▶ WHAT IS BEING ASKED:
Show me each line of the listing below where the word "Women" appears.

▶ ENTRIES SHOWN:
================================

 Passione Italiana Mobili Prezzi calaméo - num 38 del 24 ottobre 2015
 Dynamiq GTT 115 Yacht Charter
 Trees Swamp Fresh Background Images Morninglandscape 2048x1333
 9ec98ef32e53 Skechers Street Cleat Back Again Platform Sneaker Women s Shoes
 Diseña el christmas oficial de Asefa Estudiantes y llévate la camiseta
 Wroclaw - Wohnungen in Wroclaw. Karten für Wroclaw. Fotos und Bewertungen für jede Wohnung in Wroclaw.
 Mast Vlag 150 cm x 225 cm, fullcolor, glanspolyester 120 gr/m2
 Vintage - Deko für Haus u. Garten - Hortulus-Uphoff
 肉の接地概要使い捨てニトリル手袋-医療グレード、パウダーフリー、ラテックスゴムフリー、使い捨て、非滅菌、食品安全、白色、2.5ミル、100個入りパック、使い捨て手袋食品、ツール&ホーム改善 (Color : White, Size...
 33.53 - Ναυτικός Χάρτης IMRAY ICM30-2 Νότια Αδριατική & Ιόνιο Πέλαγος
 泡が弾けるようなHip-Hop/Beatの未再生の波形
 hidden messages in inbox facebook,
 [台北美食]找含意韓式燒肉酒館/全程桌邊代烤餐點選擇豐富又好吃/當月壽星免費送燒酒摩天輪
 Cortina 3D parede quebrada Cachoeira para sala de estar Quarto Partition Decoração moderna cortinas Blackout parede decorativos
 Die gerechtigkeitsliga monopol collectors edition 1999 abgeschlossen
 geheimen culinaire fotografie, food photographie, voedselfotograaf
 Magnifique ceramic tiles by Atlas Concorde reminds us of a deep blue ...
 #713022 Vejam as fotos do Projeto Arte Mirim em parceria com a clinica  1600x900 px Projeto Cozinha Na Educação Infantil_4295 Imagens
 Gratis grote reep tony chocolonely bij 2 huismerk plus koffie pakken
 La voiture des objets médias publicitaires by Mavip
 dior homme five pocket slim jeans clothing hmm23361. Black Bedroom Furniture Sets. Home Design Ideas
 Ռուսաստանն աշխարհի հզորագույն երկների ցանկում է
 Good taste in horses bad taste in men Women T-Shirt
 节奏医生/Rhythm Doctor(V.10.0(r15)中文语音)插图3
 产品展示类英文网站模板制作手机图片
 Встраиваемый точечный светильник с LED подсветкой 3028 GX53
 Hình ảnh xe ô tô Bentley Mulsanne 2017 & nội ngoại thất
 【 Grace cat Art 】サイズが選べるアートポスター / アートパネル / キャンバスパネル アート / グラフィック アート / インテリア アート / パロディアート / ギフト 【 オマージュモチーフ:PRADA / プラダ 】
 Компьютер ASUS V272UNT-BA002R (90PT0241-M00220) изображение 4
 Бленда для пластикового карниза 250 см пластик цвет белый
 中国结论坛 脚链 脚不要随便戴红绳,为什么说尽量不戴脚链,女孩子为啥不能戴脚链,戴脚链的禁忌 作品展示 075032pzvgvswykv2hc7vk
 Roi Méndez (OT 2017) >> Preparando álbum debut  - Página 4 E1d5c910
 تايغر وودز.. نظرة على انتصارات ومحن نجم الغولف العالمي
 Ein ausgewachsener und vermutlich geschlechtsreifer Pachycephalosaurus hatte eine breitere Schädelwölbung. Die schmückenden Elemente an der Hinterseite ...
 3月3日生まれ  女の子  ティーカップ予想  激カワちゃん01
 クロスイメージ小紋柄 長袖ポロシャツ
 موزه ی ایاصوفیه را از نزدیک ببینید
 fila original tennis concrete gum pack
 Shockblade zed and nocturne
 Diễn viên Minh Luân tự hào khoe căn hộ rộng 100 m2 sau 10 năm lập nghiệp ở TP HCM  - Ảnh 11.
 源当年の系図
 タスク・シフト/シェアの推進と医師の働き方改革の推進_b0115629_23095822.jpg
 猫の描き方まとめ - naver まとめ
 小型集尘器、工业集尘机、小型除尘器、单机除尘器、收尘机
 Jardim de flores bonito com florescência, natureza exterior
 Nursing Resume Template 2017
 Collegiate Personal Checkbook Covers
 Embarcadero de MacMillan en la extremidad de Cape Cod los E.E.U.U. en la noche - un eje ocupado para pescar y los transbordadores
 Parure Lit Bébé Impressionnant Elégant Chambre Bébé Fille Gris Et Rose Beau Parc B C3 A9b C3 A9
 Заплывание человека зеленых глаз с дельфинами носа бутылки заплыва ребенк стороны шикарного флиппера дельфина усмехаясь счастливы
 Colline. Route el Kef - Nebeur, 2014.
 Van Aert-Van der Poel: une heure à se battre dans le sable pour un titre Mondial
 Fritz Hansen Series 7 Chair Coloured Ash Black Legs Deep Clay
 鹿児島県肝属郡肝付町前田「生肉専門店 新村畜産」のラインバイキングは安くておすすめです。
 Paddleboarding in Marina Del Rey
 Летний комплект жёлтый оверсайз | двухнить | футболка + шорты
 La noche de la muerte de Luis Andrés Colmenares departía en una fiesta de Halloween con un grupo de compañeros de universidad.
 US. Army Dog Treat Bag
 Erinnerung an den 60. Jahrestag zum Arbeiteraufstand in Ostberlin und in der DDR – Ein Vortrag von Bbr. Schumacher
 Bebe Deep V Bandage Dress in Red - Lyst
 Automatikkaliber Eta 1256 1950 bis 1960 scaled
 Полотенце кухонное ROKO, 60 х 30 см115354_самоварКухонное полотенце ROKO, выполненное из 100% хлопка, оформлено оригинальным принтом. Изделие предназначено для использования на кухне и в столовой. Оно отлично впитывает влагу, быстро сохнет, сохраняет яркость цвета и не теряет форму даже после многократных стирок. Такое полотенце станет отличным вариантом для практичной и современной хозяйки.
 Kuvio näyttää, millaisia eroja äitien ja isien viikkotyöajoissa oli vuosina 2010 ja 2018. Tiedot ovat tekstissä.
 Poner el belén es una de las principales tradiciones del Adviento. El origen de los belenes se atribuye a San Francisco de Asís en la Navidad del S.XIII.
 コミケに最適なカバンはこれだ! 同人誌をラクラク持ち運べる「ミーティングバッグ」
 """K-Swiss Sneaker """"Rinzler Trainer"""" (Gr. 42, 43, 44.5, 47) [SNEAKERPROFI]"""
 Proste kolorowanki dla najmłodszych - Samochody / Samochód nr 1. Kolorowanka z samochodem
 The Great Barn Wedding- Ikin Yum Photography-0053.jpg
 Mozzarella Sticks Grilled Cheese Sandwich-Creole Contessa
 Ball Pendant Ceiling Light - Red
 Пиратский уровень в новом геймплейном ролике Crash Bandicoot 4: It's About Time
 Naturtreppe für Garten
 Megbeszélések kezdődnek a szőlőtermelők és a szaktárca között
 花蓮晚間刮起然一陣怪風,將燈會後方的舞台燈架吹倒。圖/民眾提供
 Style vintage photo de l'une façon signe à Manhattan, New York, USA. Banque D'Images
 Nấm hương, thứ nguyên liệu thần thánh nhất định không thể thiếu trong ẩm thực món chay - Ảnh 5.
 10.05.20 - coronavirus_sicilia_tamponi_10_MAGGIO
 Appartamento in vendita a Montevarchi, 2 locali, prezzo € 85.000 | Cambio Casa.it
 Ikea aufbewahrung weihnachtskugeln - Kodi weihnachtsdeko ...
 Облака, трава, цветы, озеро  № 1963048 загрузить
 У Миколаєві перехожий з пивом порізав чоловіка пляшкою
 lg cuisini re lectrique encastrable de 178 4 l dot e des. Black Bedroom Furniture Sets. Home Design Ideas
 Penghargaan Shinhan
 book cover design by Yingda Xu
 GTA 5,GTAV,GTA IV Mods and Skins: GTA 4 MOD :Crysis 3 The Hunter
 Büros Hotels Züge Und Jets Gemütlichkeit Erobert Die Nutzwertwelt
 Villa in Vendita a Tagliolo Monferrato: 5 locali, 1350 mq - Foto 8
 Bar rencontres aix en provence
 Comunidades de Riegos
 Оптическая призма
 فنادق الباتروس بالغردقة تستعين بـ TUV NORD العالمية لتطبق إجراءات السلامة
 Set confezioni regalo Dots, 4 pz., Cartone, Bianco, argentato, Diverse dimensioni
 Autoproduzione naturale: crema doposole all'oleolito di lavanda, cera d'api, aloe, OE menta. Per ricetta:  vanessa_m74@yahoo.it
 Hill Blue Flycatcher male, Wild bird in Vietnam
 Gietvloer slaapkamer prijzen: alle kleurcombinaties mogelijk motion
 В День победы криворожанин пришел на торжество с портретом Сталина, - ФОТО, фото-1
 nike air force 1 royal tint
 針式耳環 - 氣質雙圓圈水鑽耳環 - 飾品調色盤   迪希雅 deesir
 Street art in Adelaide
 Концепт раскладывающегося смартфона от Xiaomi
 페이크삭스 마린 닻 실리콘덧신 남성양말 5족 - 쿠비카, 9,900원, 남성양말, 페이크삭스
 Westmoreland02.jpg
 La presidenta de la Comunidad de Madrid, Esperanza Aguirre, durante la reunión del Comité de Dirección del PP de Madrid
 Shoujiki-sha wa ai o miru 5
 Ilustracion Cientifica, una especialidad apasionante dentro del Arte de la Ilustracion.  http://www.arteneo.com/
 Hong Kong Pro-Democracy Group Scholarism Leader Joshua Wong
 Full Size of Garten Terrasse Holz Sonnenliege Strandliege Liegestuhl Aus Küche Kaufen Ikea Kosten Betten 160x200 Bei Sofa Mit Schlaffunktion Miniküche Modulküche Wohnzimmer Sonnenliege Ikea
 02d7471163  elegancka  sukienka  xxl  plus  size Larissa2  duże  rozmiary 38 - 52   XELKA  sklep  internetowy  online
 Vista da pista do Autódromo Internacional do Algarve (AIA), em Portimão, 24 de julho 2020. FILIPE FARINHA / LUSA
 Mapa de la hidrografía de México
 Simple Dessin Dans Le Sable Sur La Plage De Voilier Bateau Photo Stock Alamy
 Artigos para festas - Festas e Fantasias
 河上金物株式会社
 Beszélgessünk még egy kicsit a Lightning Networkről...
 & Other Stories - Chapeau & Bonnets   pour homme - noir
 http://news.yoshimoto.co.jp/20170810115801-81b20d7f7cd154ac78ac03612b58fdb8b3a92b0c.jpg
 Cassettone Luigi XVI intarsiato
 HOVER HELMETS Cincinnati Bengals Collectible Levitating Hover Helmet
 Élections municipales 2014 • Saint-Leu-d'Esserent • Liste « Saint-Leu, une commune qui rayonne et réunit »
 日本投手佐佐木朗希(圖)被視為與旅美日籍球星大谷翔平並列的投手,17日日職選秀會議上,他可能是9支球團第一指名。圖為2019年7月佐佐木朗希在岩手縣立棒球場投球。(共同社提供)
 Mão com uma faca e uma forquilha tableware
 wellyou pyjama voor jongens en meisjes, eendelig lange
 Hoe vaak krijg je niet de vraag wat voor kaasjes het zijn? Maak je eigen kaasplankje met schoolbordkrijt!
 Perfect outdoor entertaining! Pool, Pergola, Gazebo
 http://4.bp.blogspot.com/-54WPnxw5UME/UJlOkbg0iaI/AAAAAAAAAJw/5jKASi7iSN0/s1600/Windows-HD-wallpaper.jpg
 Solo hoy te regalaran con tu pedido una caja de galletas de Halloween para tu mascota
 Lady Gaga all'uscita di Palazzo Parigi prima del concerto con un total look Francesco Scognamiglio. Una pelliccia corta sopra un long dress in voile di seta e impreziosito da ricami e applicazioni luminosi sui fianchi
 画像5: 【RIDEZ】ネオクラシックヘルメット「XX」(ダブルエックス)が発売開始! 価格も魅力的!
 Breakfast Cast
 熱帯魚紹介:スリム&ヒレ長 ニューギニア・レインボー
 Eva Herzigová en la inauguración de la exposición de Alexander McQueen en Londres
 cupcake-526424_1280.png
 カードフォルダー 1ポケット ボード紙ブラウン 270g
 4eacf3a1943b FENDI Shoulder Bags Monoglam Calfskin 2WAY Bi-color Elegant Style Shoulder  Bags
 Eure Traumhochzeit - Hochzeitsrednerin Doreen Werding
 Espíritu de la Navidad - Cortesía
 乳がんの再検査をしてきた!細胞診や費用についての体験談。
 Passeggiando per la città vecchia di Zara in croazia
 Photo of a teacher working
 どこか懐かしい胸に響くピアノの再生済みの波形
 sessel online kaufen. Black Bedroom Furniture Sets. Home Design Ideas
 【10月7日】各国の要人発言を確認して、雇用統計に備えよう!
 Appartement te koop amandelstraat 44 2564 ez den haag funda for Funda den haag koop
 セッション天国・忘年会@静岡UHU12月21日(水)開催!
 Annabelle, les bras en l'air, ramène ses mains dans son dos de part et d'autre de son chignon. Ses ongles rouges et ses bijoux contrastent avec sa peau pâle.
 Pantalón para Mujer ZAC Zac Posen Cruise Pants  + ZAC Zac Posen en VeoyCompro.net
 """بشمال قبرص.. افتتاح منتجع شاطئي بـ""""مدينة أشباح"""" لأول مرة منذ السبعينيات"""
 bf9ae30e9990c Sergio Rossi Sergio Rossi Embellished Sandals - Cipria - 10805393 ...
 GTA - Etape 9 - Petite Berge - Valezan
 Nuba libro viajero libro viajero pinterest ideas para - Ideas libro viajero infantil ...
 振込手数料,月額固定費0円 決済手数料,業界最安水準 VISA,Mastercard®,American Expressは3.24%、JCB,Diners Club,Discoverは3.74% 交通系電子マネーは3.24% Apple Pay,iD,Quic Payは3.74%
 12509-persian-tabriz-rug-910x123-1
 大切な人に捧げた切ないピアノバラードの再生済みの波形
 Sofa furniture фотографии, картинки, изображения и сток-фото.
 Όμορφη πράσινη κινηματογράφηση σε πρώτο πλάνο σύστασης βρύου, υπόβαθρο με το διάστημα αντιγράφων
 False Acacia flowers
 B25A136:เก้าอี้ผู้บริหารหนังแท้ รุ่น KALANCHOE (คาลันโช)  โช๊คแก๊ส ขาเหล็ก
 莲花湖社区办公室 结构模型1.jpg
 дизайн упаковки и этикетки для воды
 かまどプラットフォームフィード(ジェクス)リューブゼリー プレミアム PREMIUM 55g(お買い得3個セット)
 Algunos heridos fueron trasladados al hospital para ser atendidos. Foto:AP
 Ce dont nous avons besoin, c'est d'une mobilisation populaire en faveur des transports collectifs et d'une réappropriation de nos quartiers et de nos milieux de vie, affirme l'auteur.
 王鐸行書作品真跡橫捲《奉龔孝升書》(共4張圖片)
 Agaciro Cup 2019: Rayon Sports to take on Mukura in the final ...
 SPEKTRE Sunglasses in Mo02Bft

================================

▶ OUTPUT BELOW:
 9ec98ef32e53 Skechers Street Cleat Back Again Platform Sneaker Women s Shoes
 Good taste in horses bad taste in men Women T-Shirt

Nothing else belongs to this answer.